▶ _Information provided_:

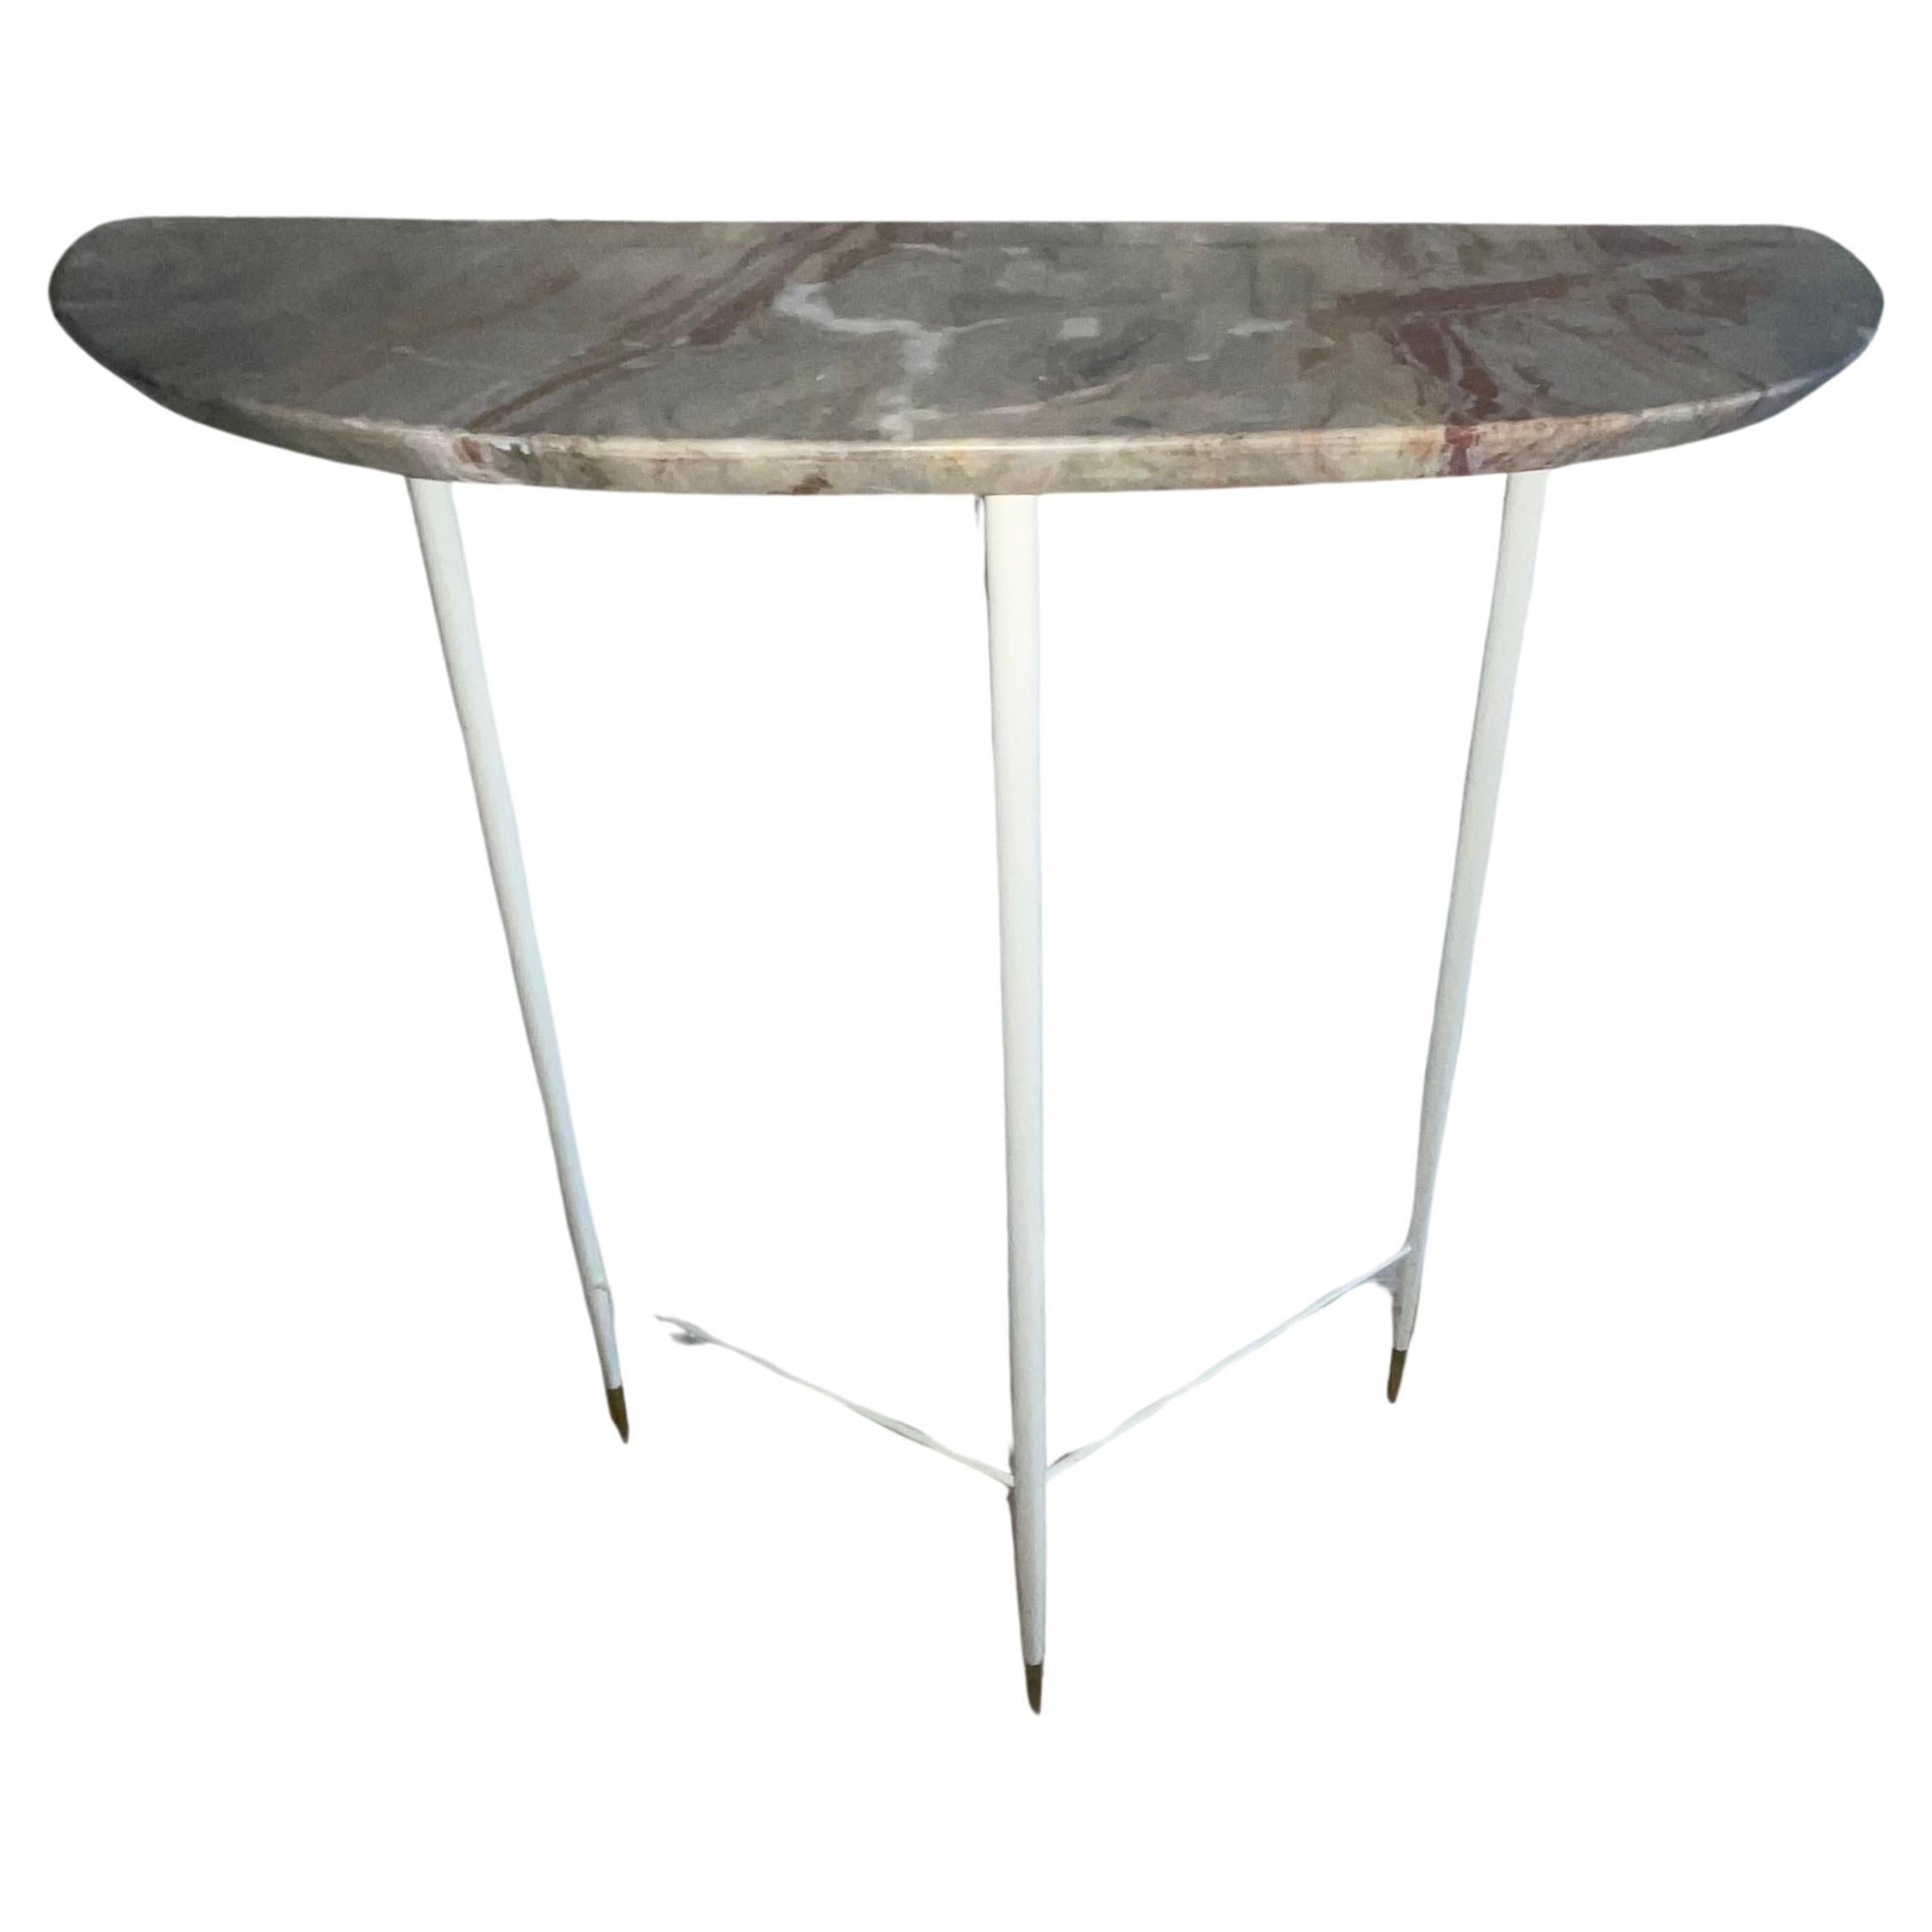 Caesar LACCA - Console 1950s - marble - iron - brass ferrules. For Sale
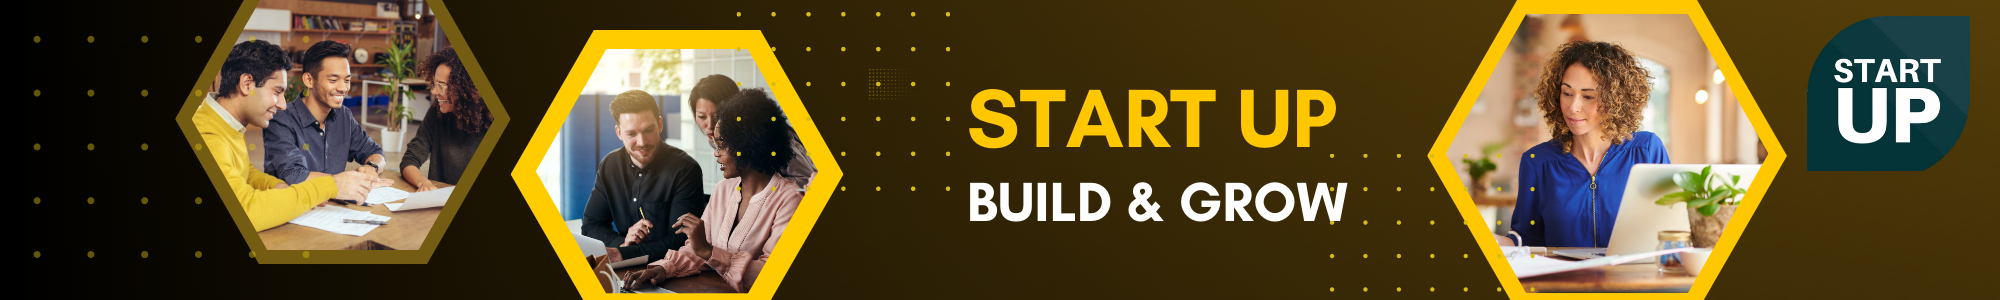 Start Up Banner (2000 × 300 px).png
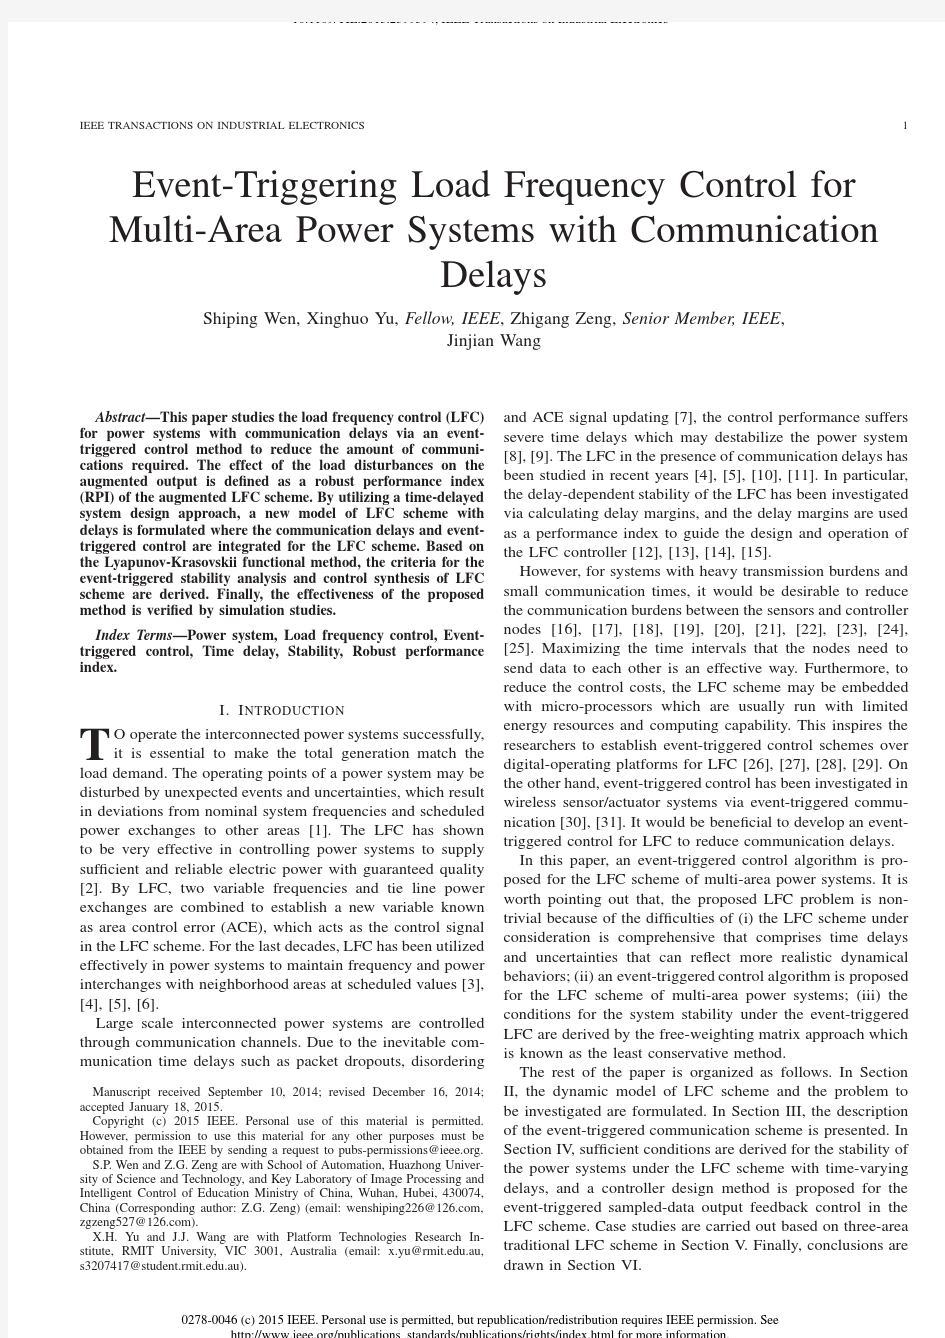 Event-Triggering Load Frequency Control for Multi-Area Power Systems with Communication Delays
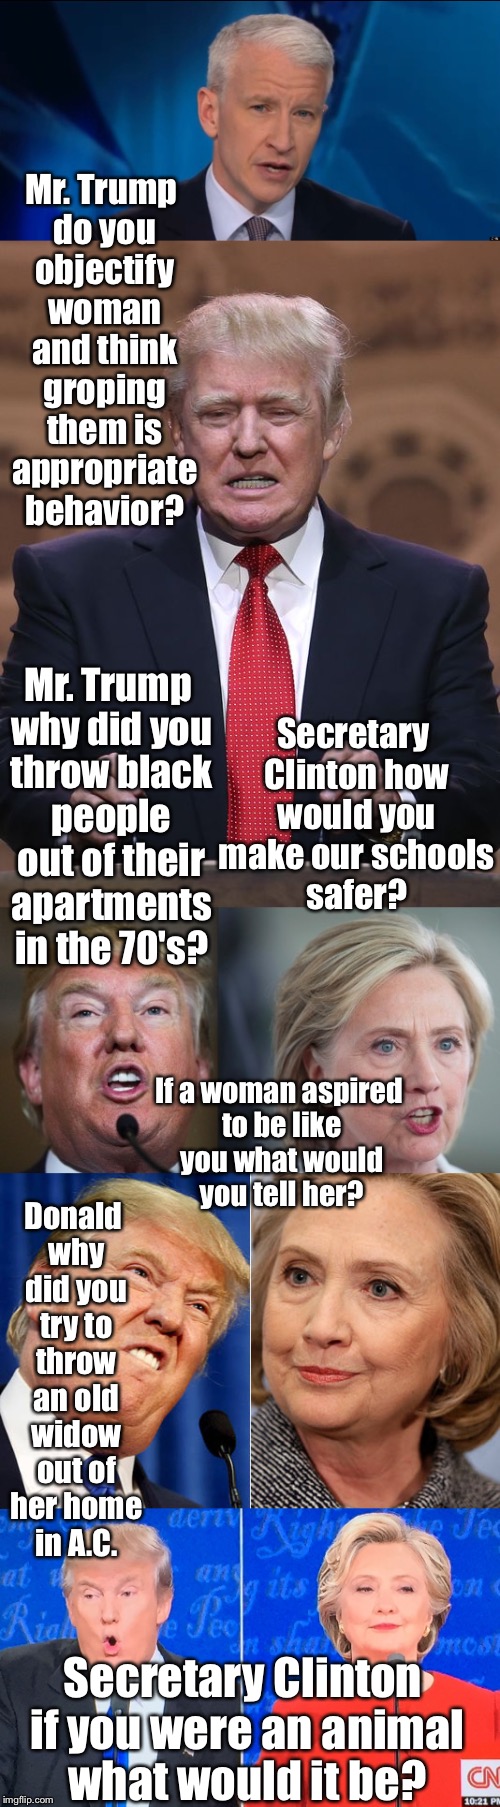 Anderson Cooper grills the Party Nominees  | Mr. Trump do you objectify woman and think groping them is appropriate behavior? Mr. Trump why did you throw black people out of their apartments in the 70's? Secretary Clinton how would you make our schools safer? If a woman aspired to be like you what would you tell her? Donald why did you try to throw an old widow out of her home in A.C. Secretary Clinton if you were an animal what would it be? | image tagged in anderson cooper,presidential debate,donald trump,hillary clinton,media bias | made w/ Imgflip meme maker

▶ _Task requirements_:
Pictures aside, print every line of the material exactly.

▶ _Written answer_:
 Caesar LACCA - Console 1950s - marble - iron - brass ferrules. For Sale
 Start Up Banner (2000 × 300 px).png
 Event-Triggering Load Frequency Control for Multi-Area Power Systems with Communication Delays
 Anderson Cooper grills the Party Nominees  | Mr. Trump do you objectify woman and think groping them is appropriate behavior? Mr. Trump why did you throw black people out of their apartments in the 70's? Secretary Clinton how would you make our schools safer? If a woman aspired to be like you what would you tell her? Donald why did you try to throw an old widow out of her home in A.C. Secretary Clinton if you were an animal what would it be? | image tagged in anderson cooper,presidential debate,donald trump,hillary clinton,media bias | made w/ Imgflip meme maker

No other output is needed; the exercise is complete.